前を見るとこれから泳ぐ人達がまだ数人いた。 僕の出番はまだ、もう少し先のようだ。 (´・ω・`)「......」 何をするわけでもなく、ただひたすらに自分の出番を待つ。 一組、また一組と僕の前のレースが終わっていくのを眺める。 少しずつ、少しずつ列が前へと進んでいく。 プールへと近づいていく。 前の人達が減っていく。
- 3 名前:以下、無断転載禁止でVIPがお送りします:2016/06/11(土) 23:21:21.279 ID:FebFiyUa0
- 「......次のレースの人達はコースに入ってください」
そして、遂にこの時が来た。 2分にも満たない短い戦い。 (´・ω・`)「......っし」 短く息を吐き、頭を切り替える。 周りは見ない。 応援する声も無視する。 ただ、目の前に広がる水を見つめる。 余計なことは考えない。 ただ、泳ぐだけ。 短く、三回笛が鳴った。 その音に僕はスタート台へと向かう。 一際、応援の声が大きくなったが、ピーッ、と再び笛の音が会場内に響き渡ると同時に聞こえなくなった。
- 4 名前:以下、無断転載禁止でVIPがお送りします:2016/06/11(土) 23:22:58.835 ID:FebFiyUa0
- シンと静まり帰った会場。
スタートの合図を待つ。 数秒しかないその時間。 それでもとても長く感じられ、鼓動が早くなる。 『よーい......』 ピッ! 短い笛の音が聞こえたと同時に水の中に飛び込む。 水により外の世界から切り離され、一人きりの戦いが始まった。
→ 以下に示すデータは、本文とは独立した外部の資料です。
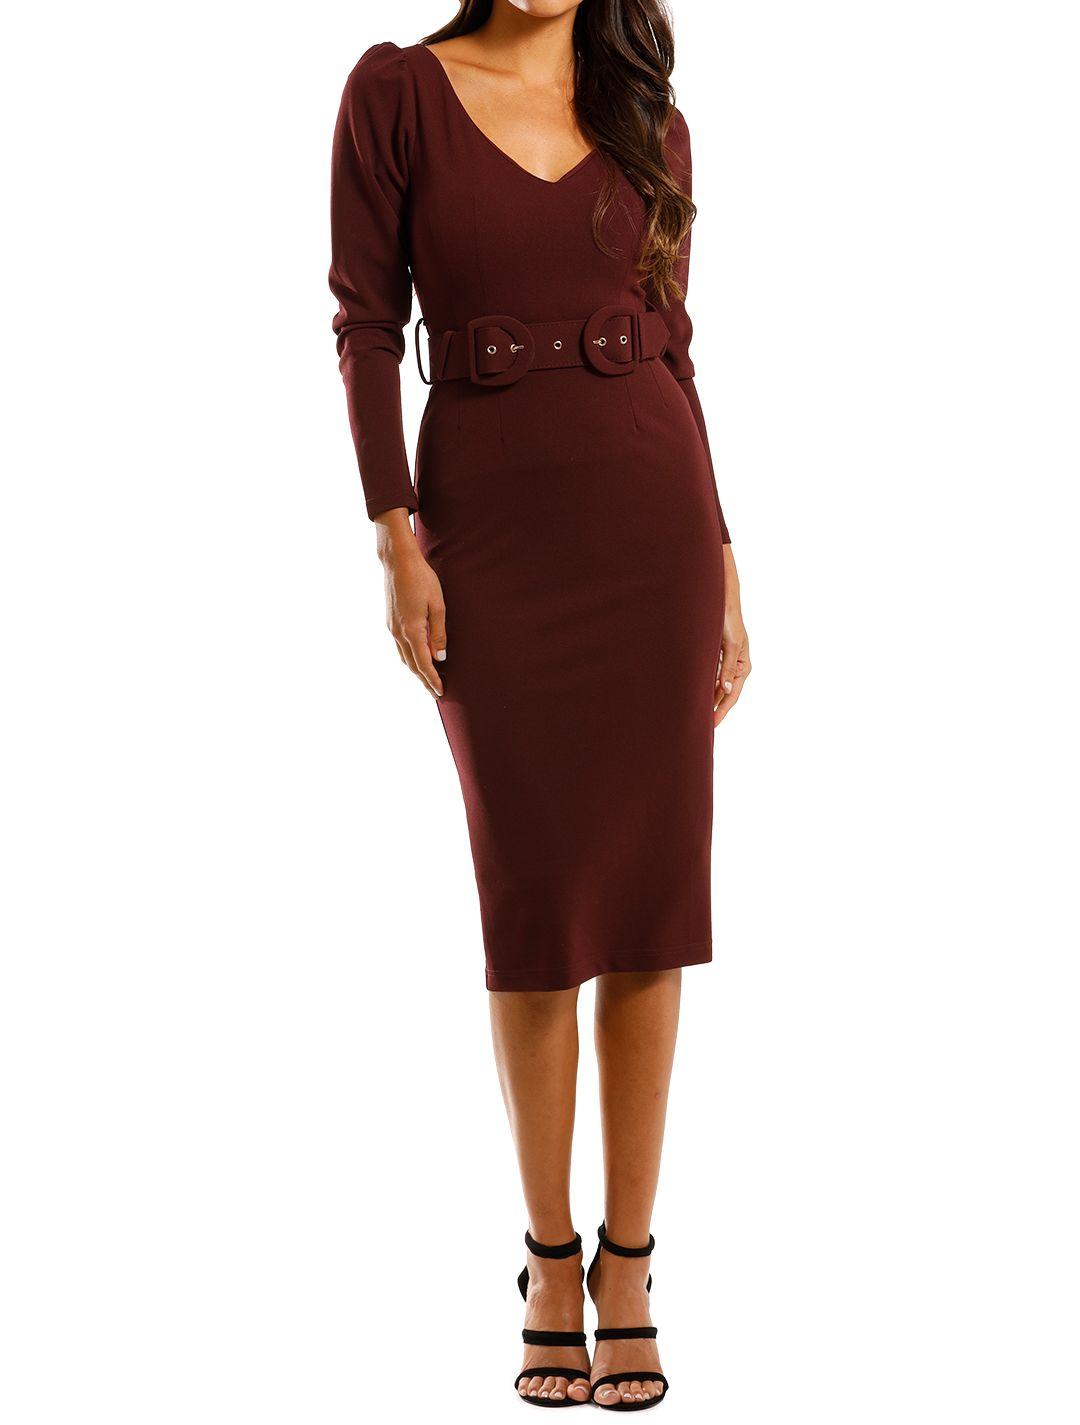 Pasduchas Cliché Midi Port Burgundy Dress Fitted Long Sleeves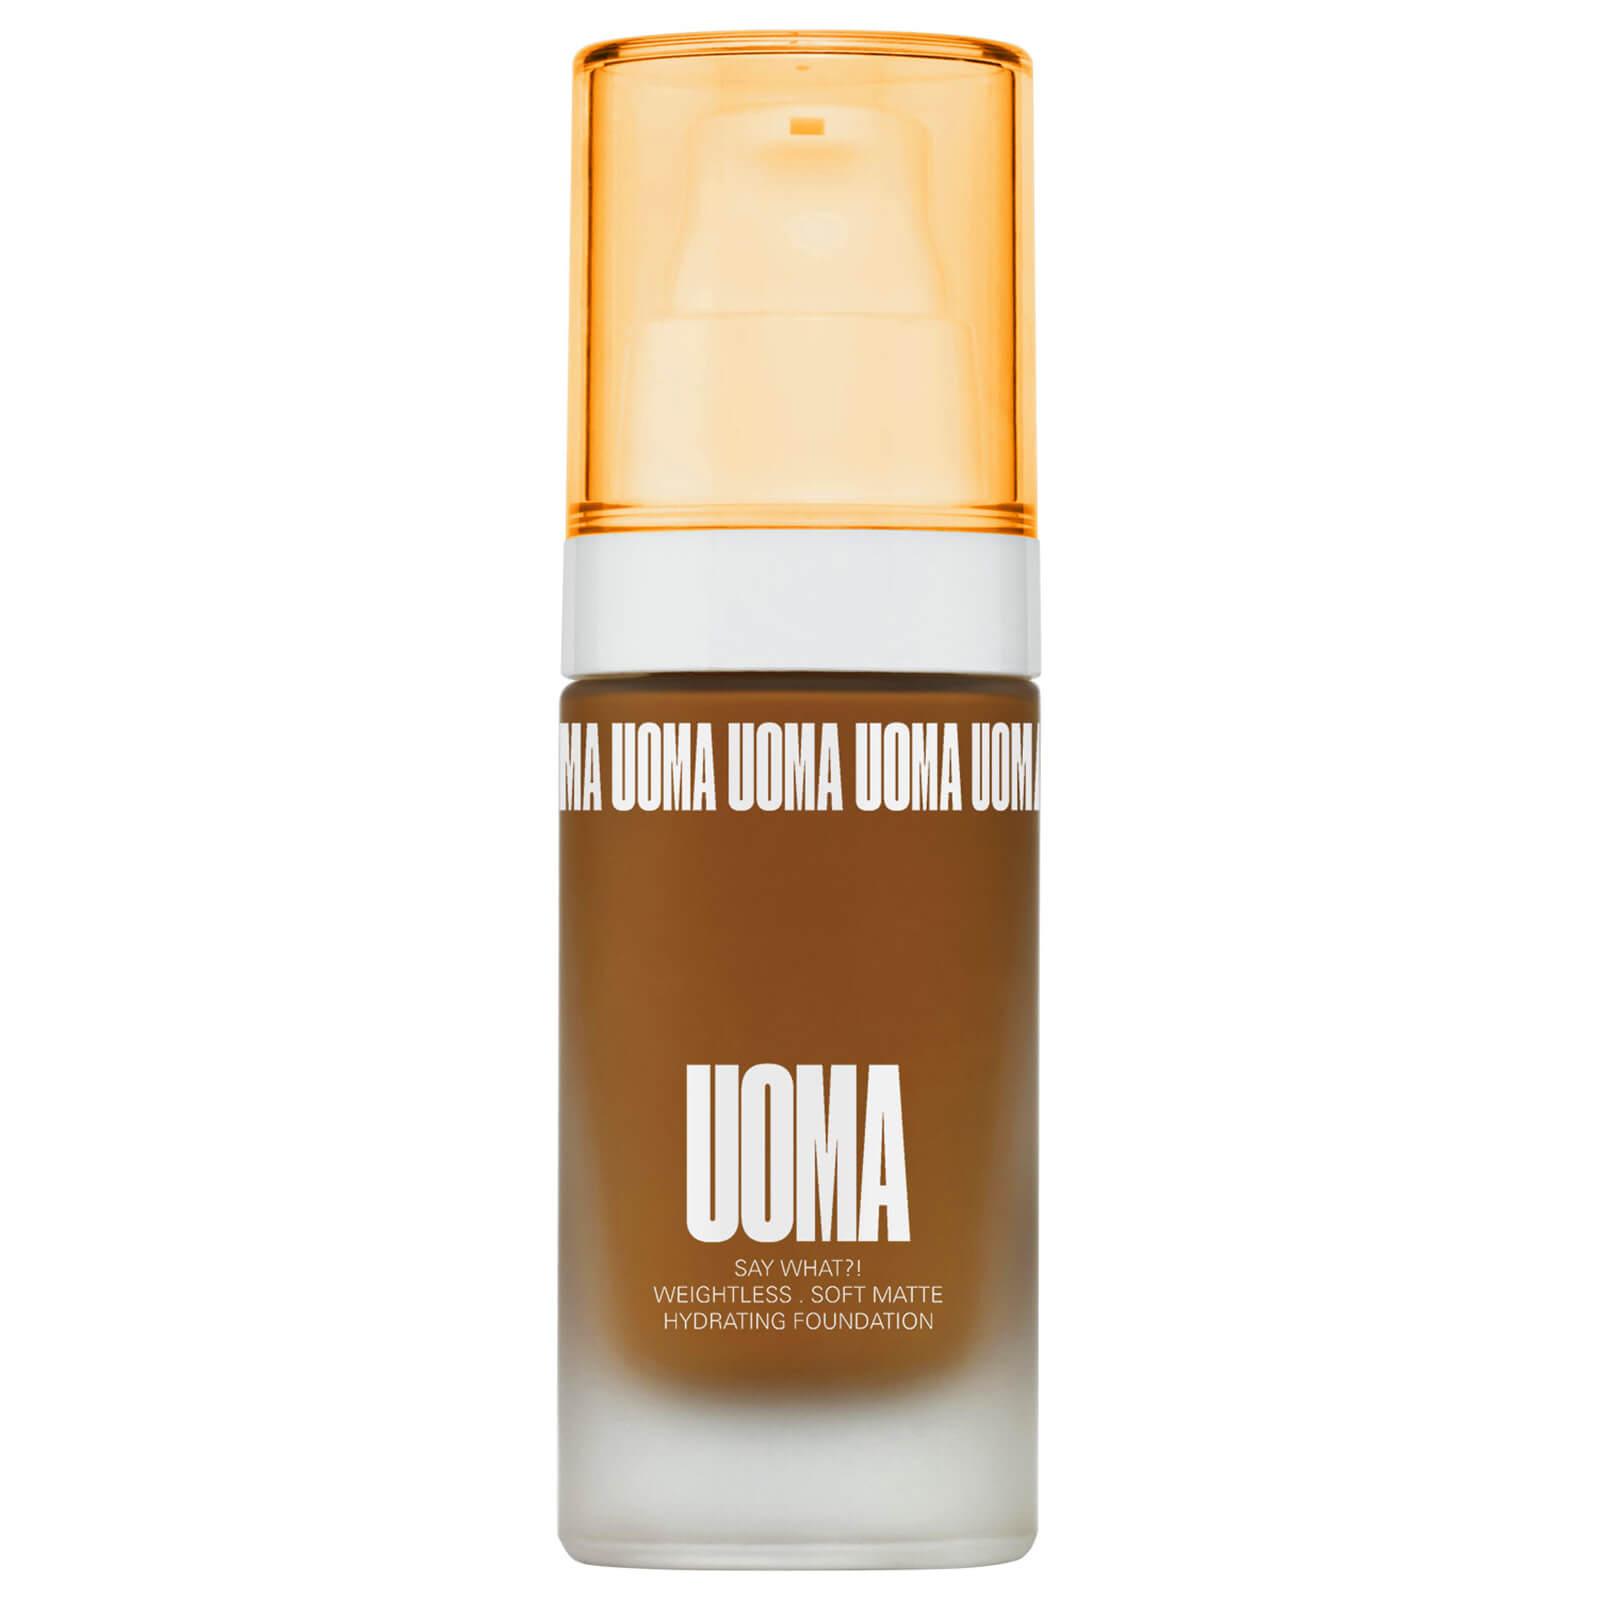 Купить UOMA Beauty Say What Foundation 30ml (Various Shades) - Brown Sugar T3W

- 5 名前:以下、無断転載禁止でVIPがお送りします:2016/06/11(土) 23:25:07.932 ID:FebFiyUa0
- 個人メドレーは4泳法を全てを泳ぐというかなり変わった種目である。
そのため、人によってかなり泳ぐペースが異なる。 バタフライが得意な人は序盤から飛ばすし、逆に苦手な人は疲れないように飛ばしすぎないようにする。 こういった風にどの泳法で勝負を仕掛けるのかが異なっているのだ。 勿論、オリンピックの選手ならば、全種目を早く泳ぐことも可能だろう。 だが、勝負をしているのは高校生なのだ。 全種目を早く泳げる選手など、ほんの一握りだろう。 つまり、今この大会において言えば大切なのはいかに自分のペースを乱さないか、得意種目で勝負できるかということである。 だから僕は苦手なバタフライはセーブ気味に泳ぐことにしていた。 序盤戦を捨てる。 体力があるうちに飛ばした方がいいような気もするが後半バテて泳ぐなんて、御免である。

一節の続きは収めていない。